Personally I'm a fan of exacerbating the standards problem by writing another one. At the core of things, there really isn't much you need to support for a simple biped format. Vertices, faces, UV coordinates, material resources, bones and weights, and animation keyframe data is really the bare minimum. You could write a pretty bare-bones binary format to support that, and then just make it open and documented so that people can easily load it as necessary. Why there isn't such a format already available (that I know of) is honestly really surprising to me.

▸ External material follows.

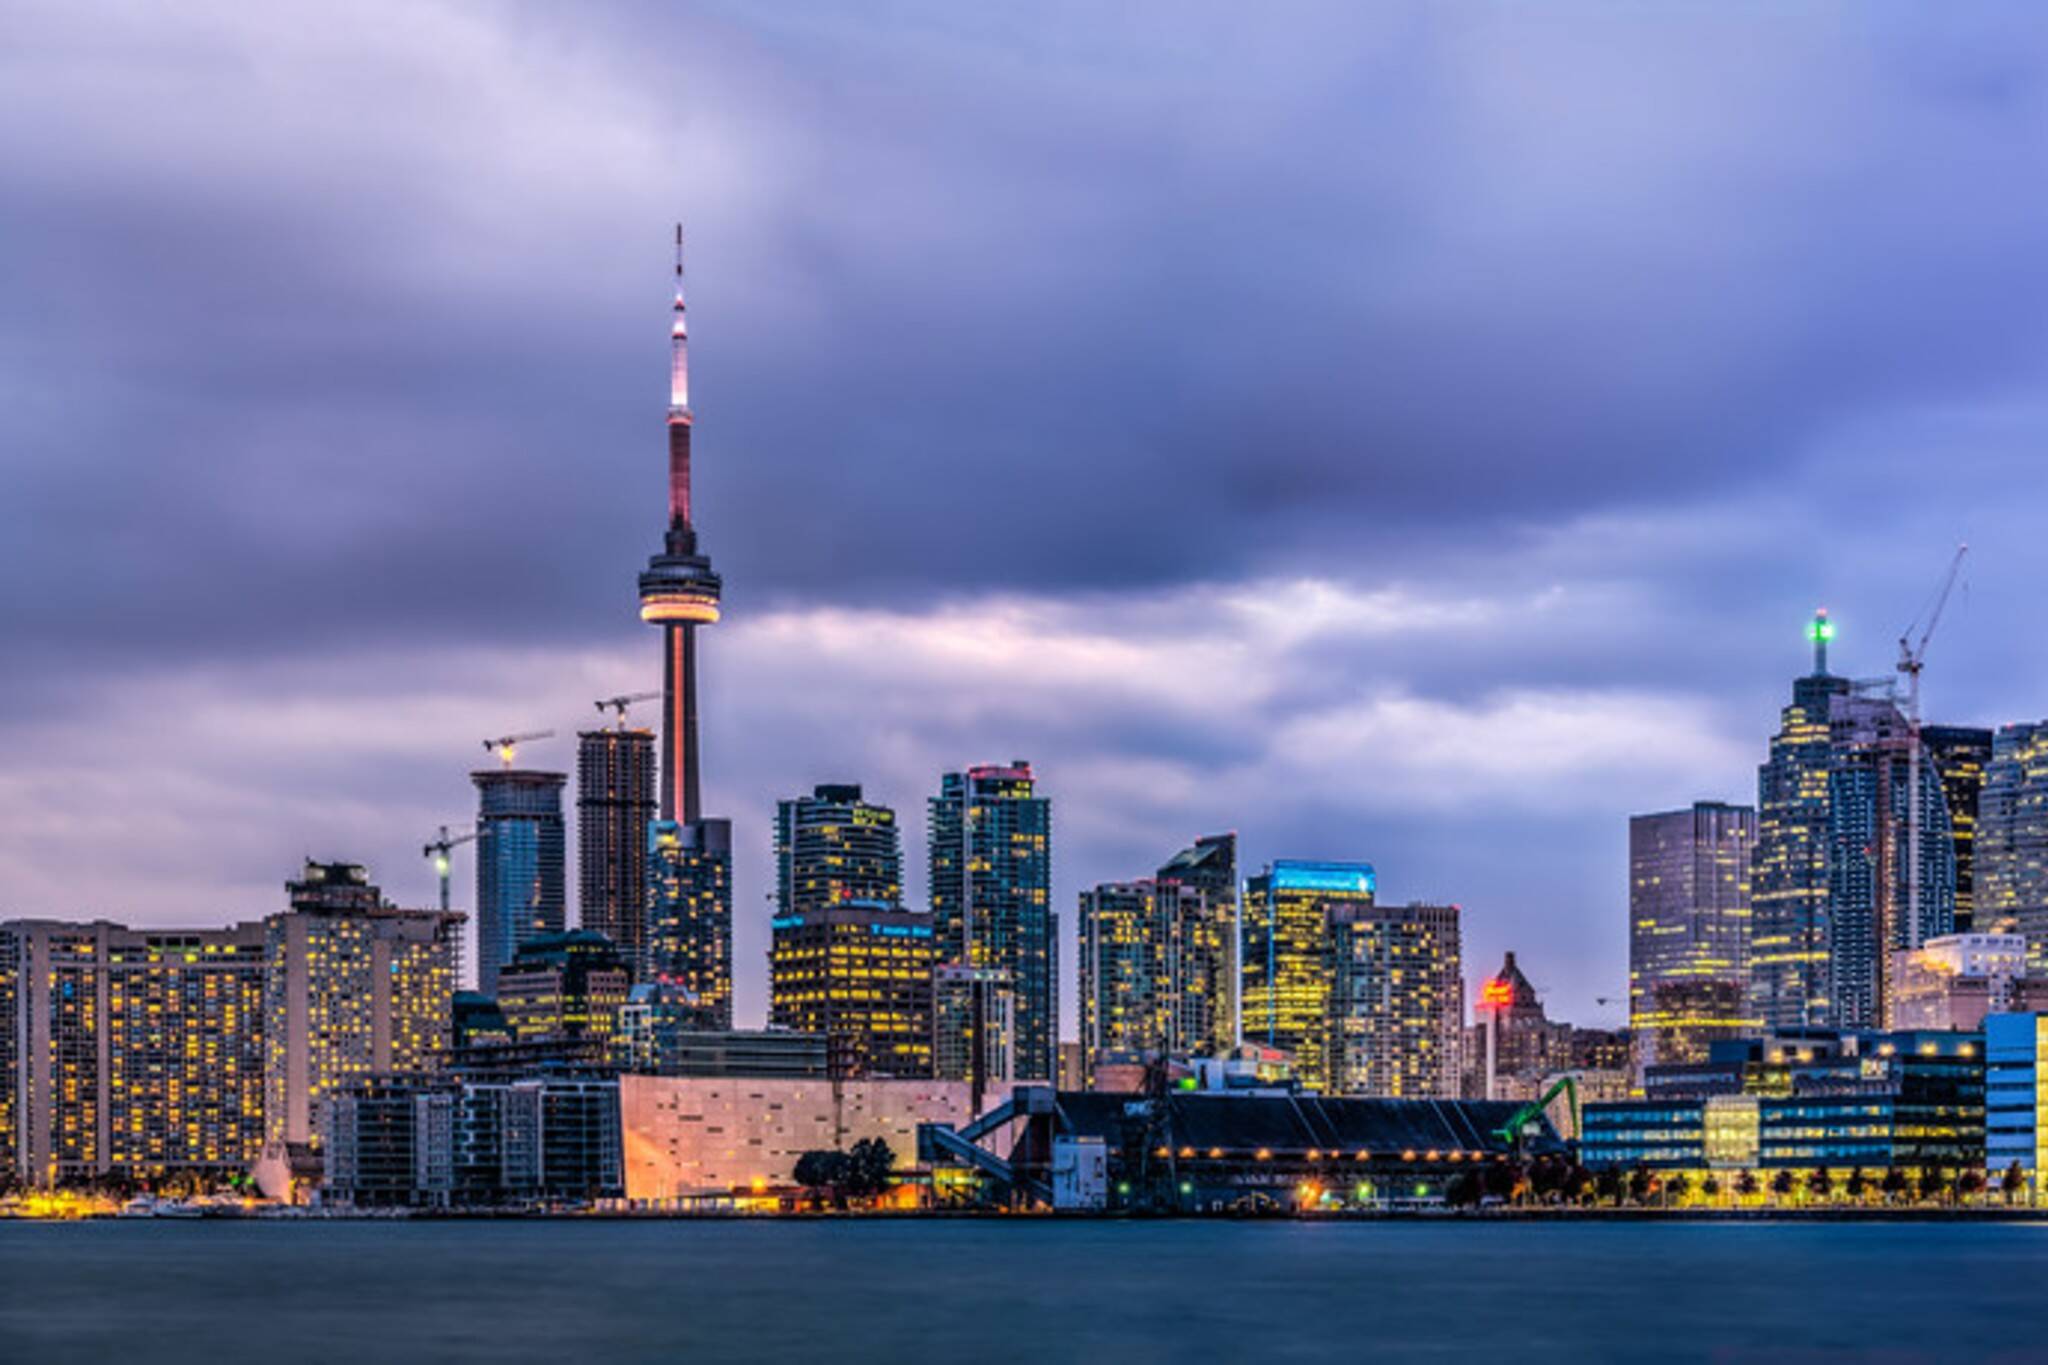 Toronto ranked the 6th safest city in the world

I think one reason is that complex-ish asset interchange was just never relevant until now. In a (more directly designed ) game, the overall art style is key to what avatars look like. Fully custom avatars with a low barrier for entry/that aren't made specifically would look "off". Something big and centralised like Second Life has (comparatively) really freeform avatars, but benefits more from being closed-off than allowing good compatibility in that regard. With GMod for example it actually makes sense to have something like this, though, since the game has a bunch of slightly different styles mixed into each other anyway and users control instances. VR Chat appears to be similarly random, though it has a much more cartoonish style by default it seems. Many assets would look more OOP than usual when converted between them. Of course both of these started pretty obviously as programmer art to a large extent, and largely went with "whatever the engine uses" for their file formats. (Major props to Garry for making the custom addon system here. VR Chat uses Unity packages and a commercial animation system, which is downright awful from a low-level modder's perspective.) I'm actually pretty curious what S&box will do about this. From what I've read so far (which is likely outdated), it'll most likely outright let users use executable code for this purpose, at least serverside.